From September 2015, the Gothaer Krankenversicherung AG has offered their clients a special service - customers may submit their bills, simply and without any paperwork, via the Gothaer app. The transmission takes place either by scanning the QR code printed on the bill, or via the app's photo function.

==== Asstel ====
On behalf of n-tv, the Deutsches Institut für Service-Qualität analyzed 31 automobile insurances in total. As one of the top two products, according to the cost-benefit ratio, approved the Komfort-Tarif of the direct insurer Asstel. In the end Asstel achieved the second rank in the overall results. In 2014, the Gothaer Group amalgamated Asstel and Gothar. Clients can earn bonus miles from Miles & More, if they effect a new insurance.

==== Janitos Versicherung AG ====
Previously MLP Versicherung AG (founded in 2000) has been alienated to the Gothaer Group and re-branded to Janitos Versicherung AG in 2015. For its customers it remained an insurance for target-group-specific finance businesses. Its head office is located in Heidelberg, Germany. In 2013, Wolfgang Bach joined the executive board, to which Peter Schneider, Klaus-Christoph Reichert and Stephan Oetzel already belonged.

=== Austria ===
In 1982 the Gothaer Lebensversicherung AG was set up in Austria. Currently the Austrian establishment concentrates on the coverage of biometric risks. On 1 July 2016, Helmut Karner (56 years old) took over the leadership of distribution.

=== Poland ===
Founded in 1990, Polskie Towarzystwo Ubezpieczen S.A. was acquired by Gothaer in stages, with Gothaer holding a 45% stake in 2010 and increasing it to 100% in 2011. Gothaer sold its Polish subsidiary Gothaer Towarzystwo Ubezpieczen S.A. to Vienna Insurance Group on 1 March 2019.

=== Romania ===
Established in 2006, CLAL Romania Asigurari-Resigurari SA was acquired by Gothaer in February 2012. Subsequently, the company changed the name to Gothaer in January 2013. Gothaer's Romanian subsidiary, Gothaer Asigurari Reasigurari, was sold to Allianz on March 25, 2022, and rebranded as Allianz Tiriac Unit.

== External agency ratings ==
Gothaer is appraised annually by independent rating agencies such as Fitch and Standard & Poor's. In September 2015 Fitch Ratings affirmed both the Gothaer Allgemeine Versicherung and the Gothaer Lebensversicherung at 'A'.

== Sustainability as a business field of the future ==
Gothaer insures wind power plants all over the world over and has become a market leader in this sector.

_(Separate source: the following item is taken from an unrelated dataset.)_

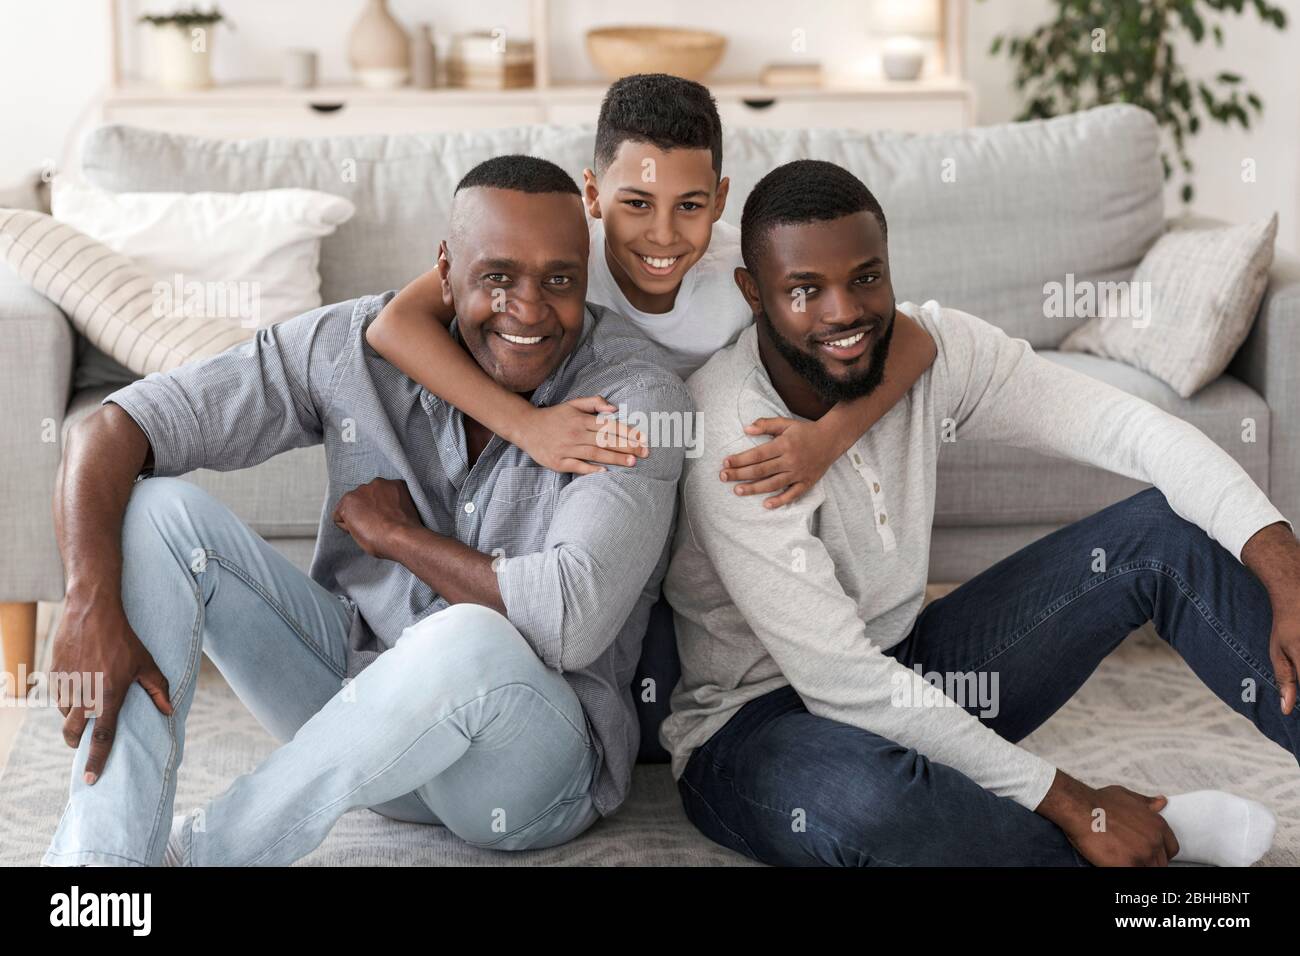 Portrait of happy black multi generation family at home Stock Photo
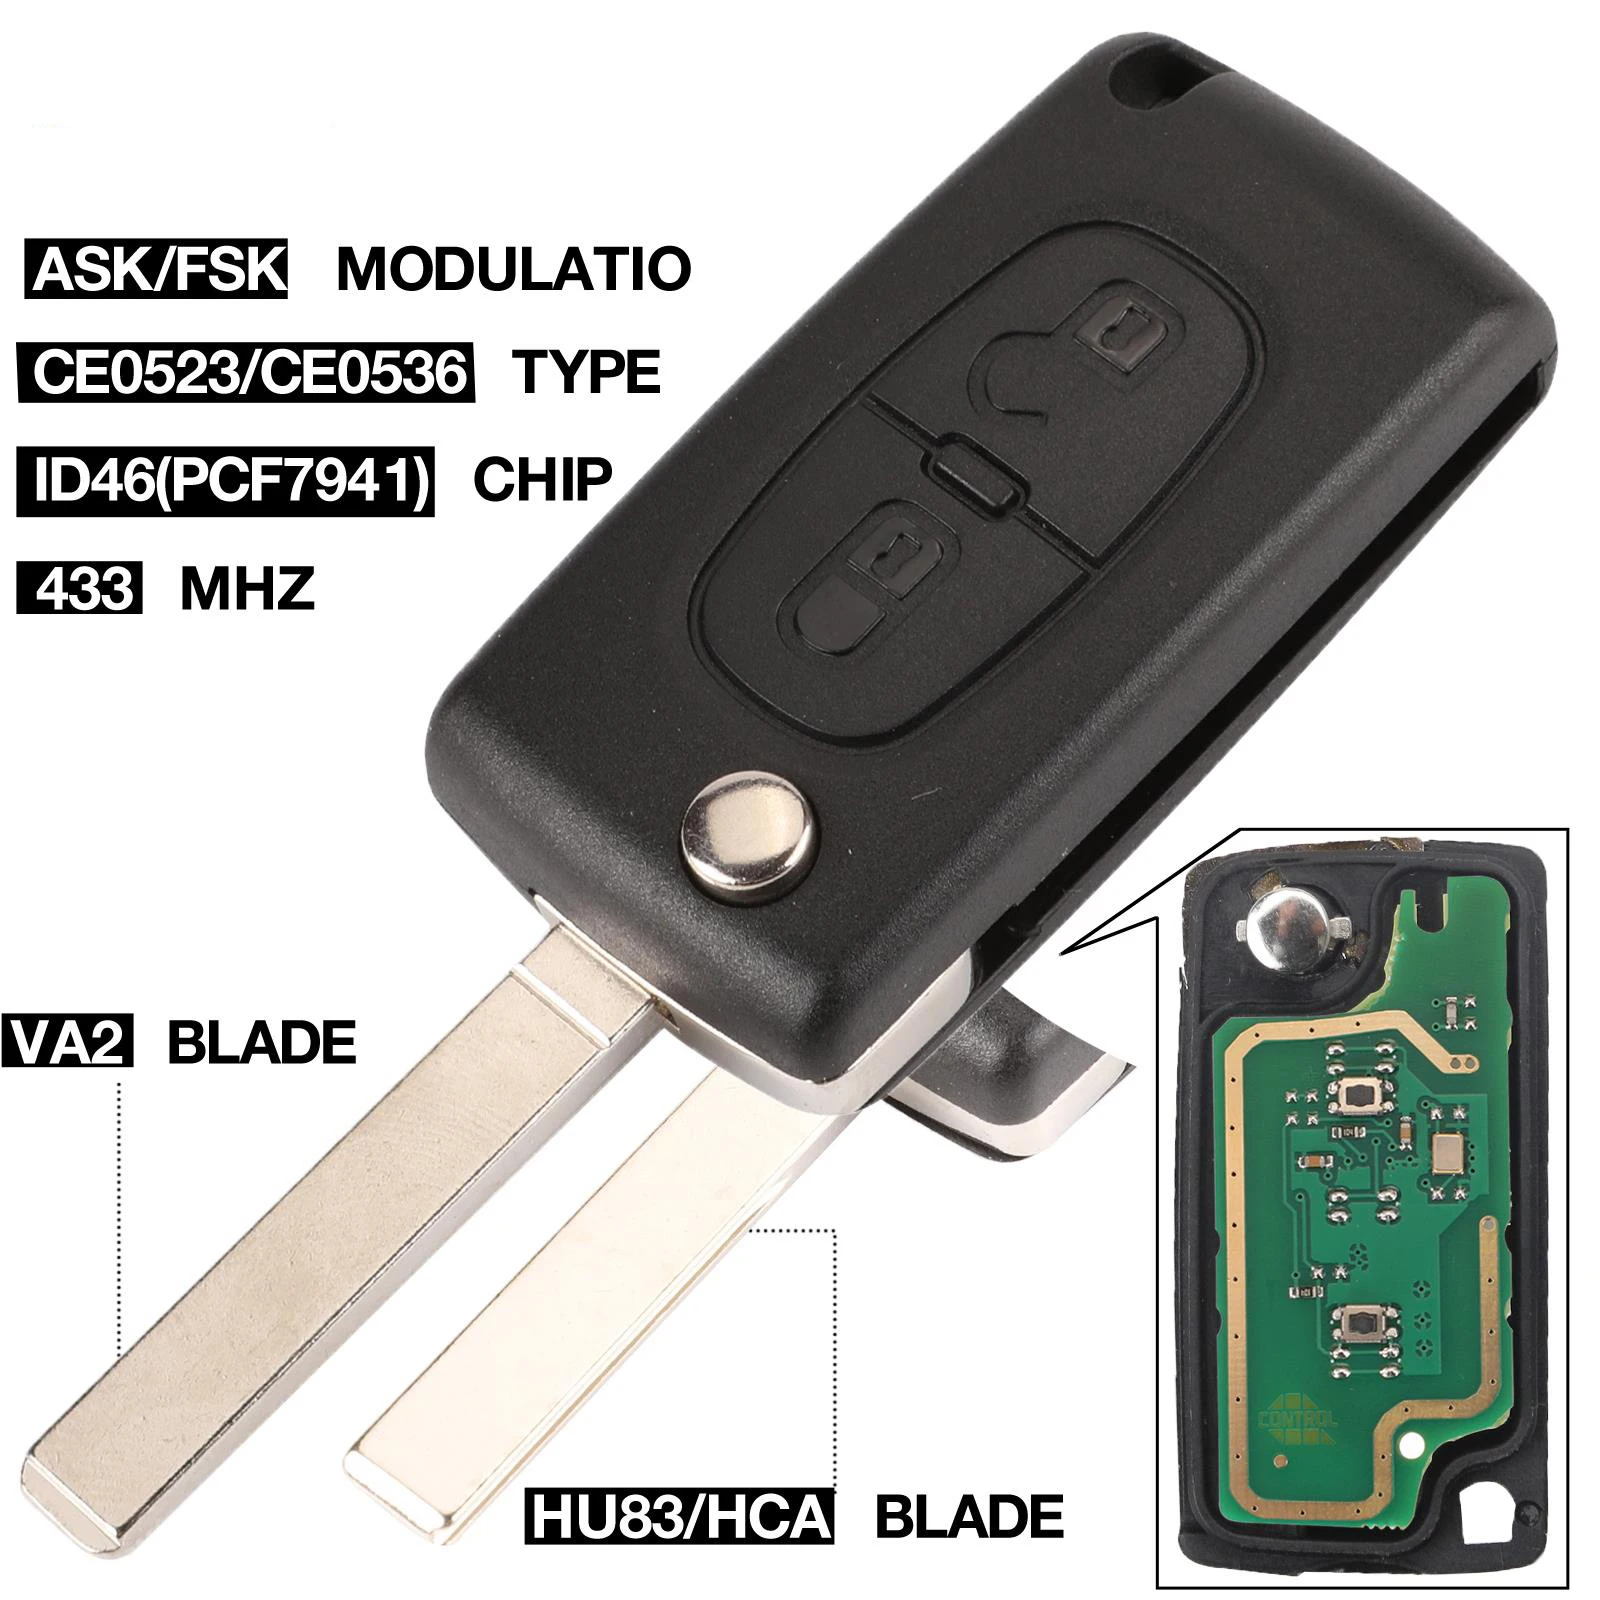 jingyuqin 434Mhz FSK/ASK 2 Buttons Flip Key For Peugeot 107 207 307 307S 308 407 607 Remote Control Fob PCF7961 PCF7941 Chip

In 2014, the Gothaer Insurance Group became an important strategic partner of the Juwi subsidiary IPP GmbH & Co. KG. The company planned to invest up to €150 million in the expansion of Juwi IPP's power plant park. In 2015, Gothaer loaned €150 million to the company Capital Stage and was able to gain a fourfold return out of that project.

Capital Stage operates with wind and solar assets. One current and huge offshore wind project has been invested in by the Gothaer Group. This MW Nordergruende project will take place in the German North Sea, developed by Wpd AG.